Source records
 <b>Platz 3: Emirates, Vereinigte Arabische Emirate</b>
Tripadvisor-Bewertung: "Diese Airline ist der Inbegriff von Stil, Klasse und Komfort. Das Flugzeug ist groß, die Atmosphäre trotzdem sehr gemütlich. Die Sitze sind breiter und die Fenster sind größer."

* * *

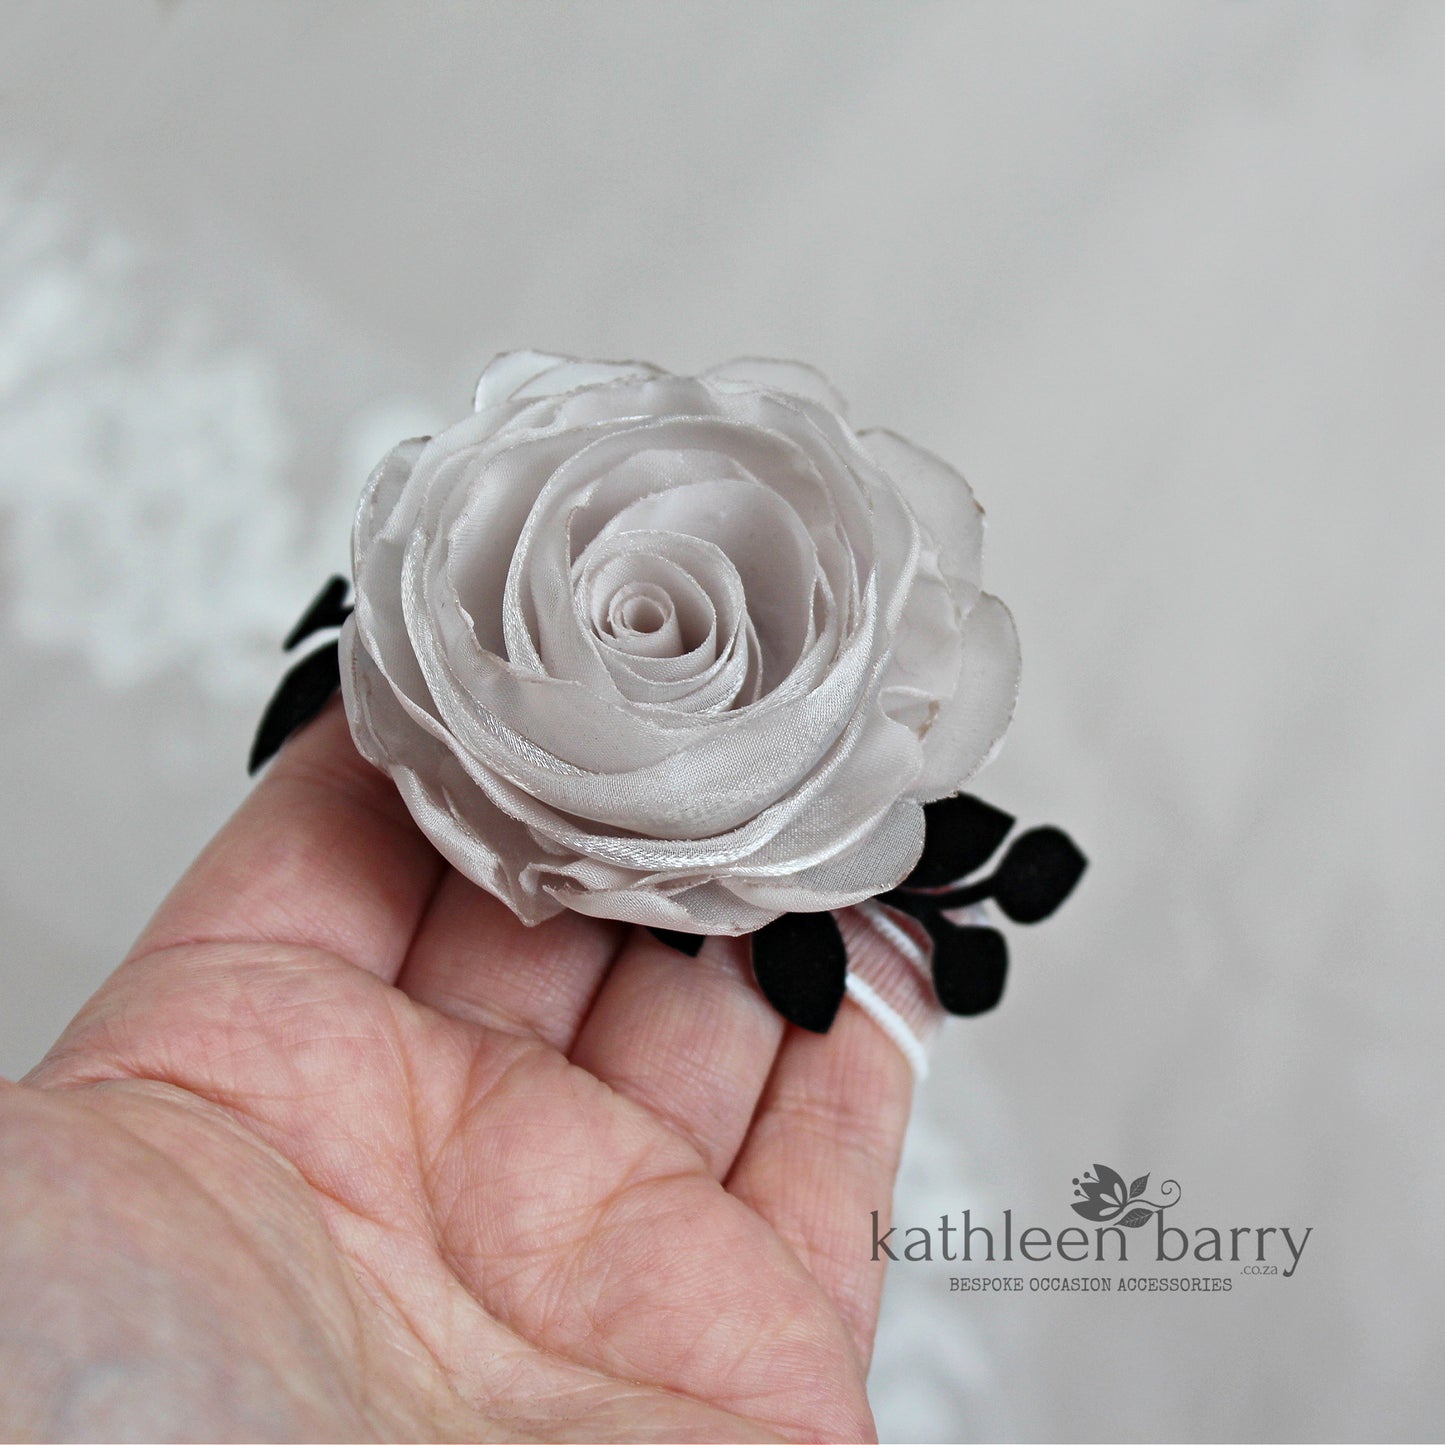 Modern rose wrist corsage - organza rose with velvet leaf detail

Task statement
Find "<b>Platz 3: Emirates, Vereinigte" in the entries above and copy that whole line exactly, then each line after it through the line that contains "Airline ist der".

Task solution
 <b>Platz 3: Emirates, Vereinigte Arabische Emirate</b>
Tripadvisor-Bewertung: "Diese Airline ist der Inbegriff von Stil, Klasse und Komfort. Das Flugzeug ist groß, die Atmosphäre trotzdem sehr gemütlich. Die Sitze sind breiter und die Fenster sind größer."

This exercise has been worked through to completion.